* **DATA SEGMENT**:

= Beginning of Section =

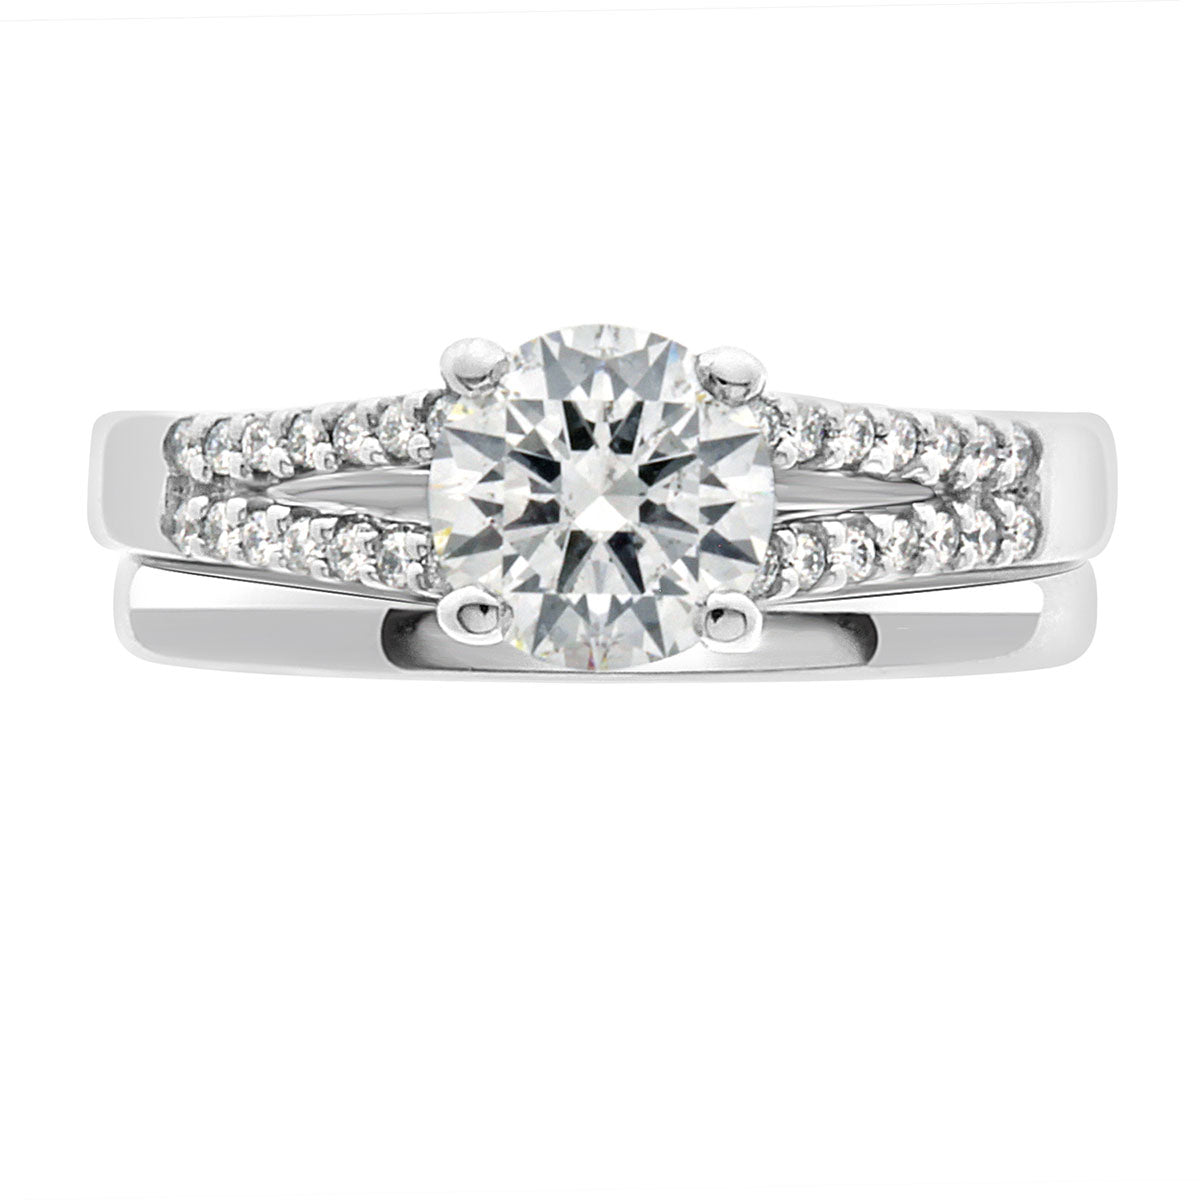 Round Diamond With Split Band made from platinum with a plain wedding ring
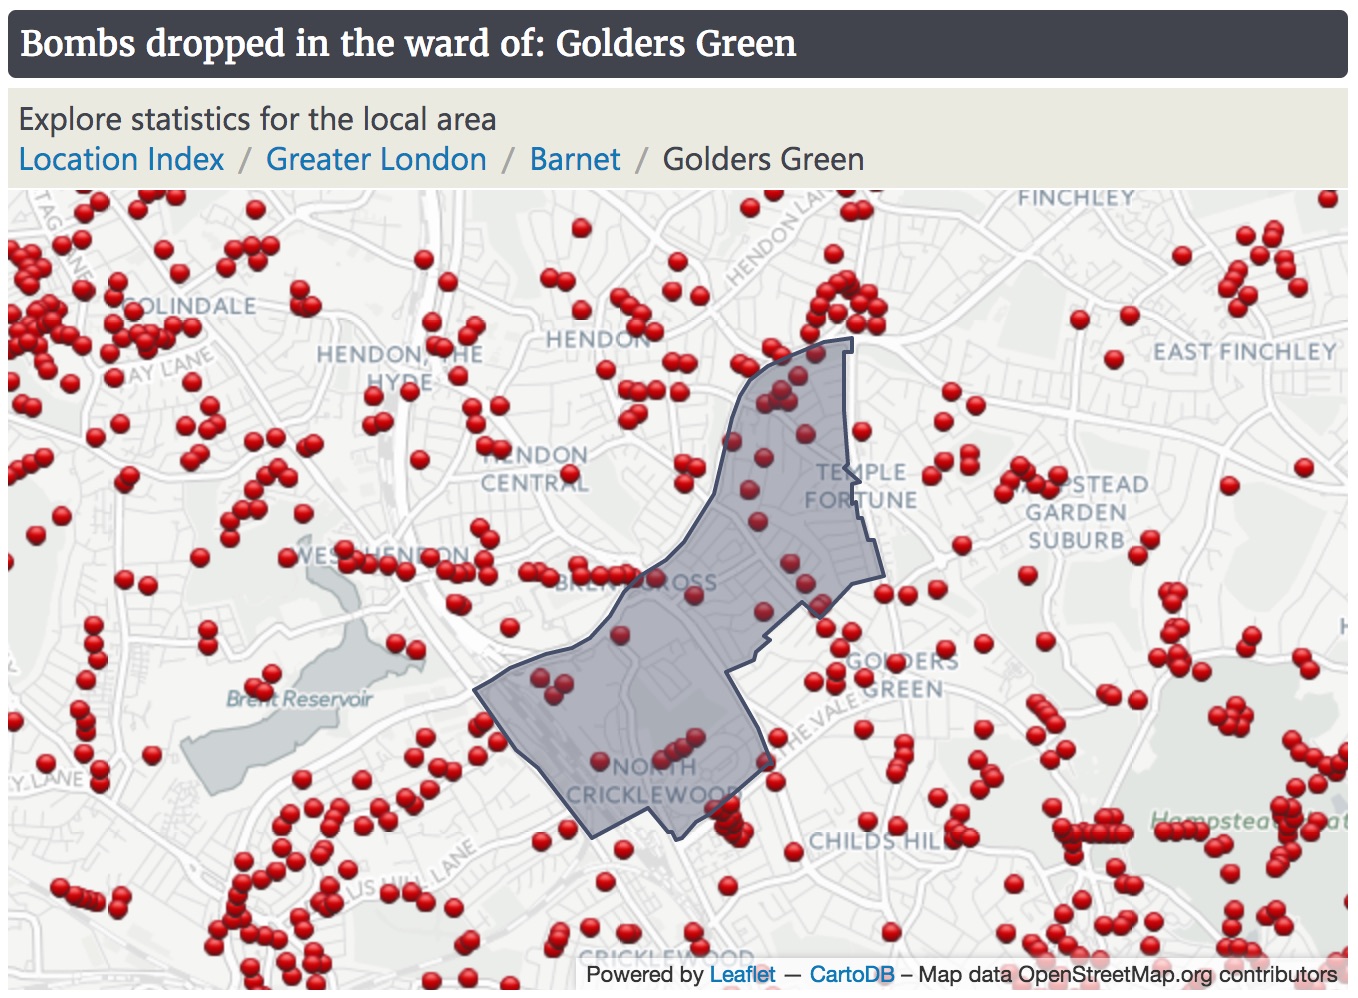 Map of the area in North London where Granddad lived when he was a wee boy. The map shows where the bombs dropped
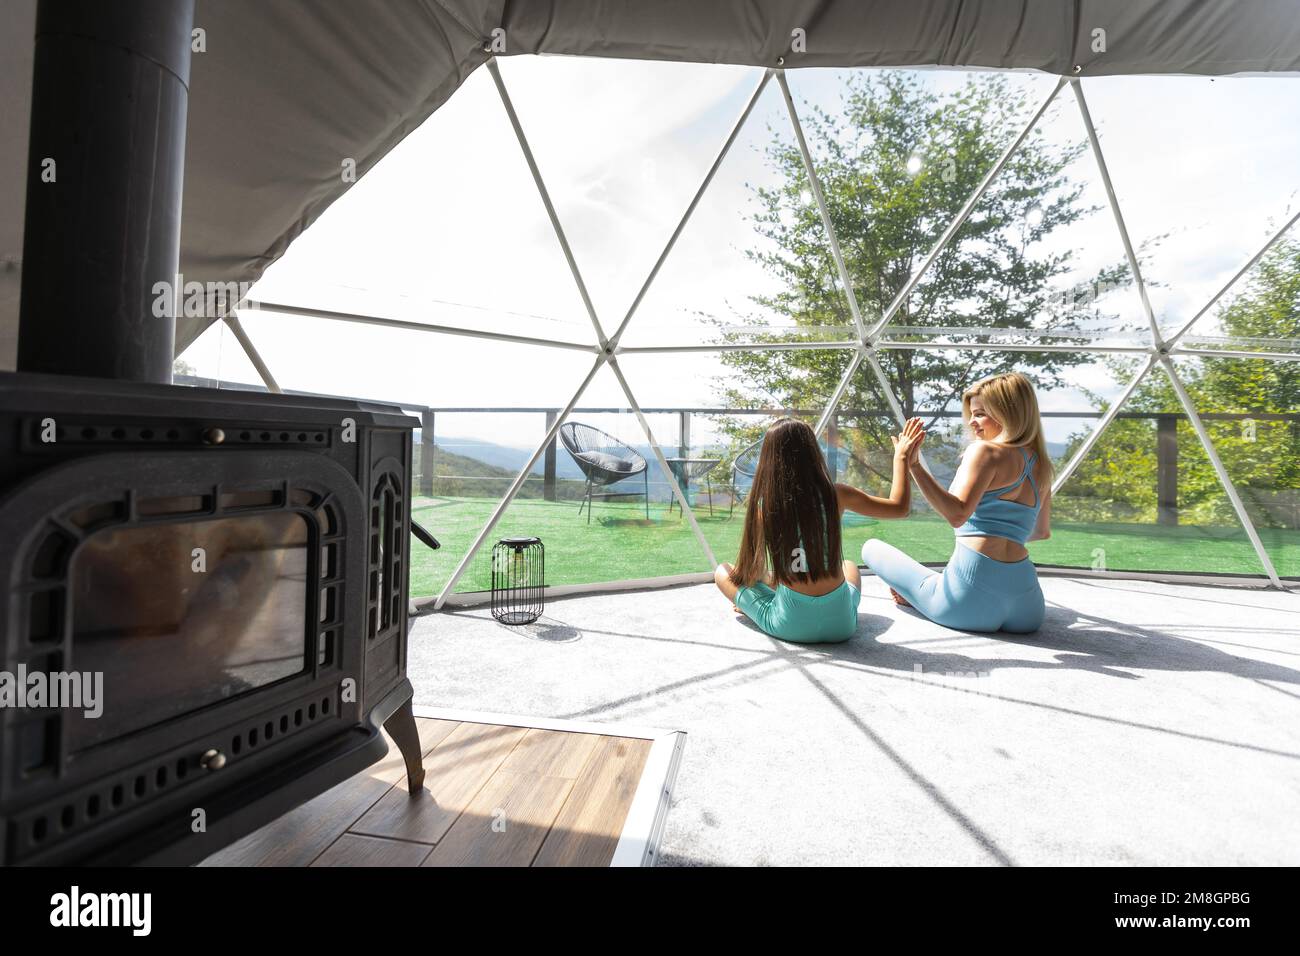 Woman Doing Yoga in Glamping Dome Tent Stock Photo - Image of

= End of Section =

* **WHAT TO PRODUCE**:
Print out the material verbatim, skipping pictures.

* **RESULT FOR THIS EXERCISE**:
 Round Diamond With Split Band made from platinum with a plain wedding ring
 Map of the area in North London where Granddad lived when he was a wee boy. The map shows where the bombs dropped
 Woman Doing Yoga in Glamping Dome Tent Stock Photo - Image of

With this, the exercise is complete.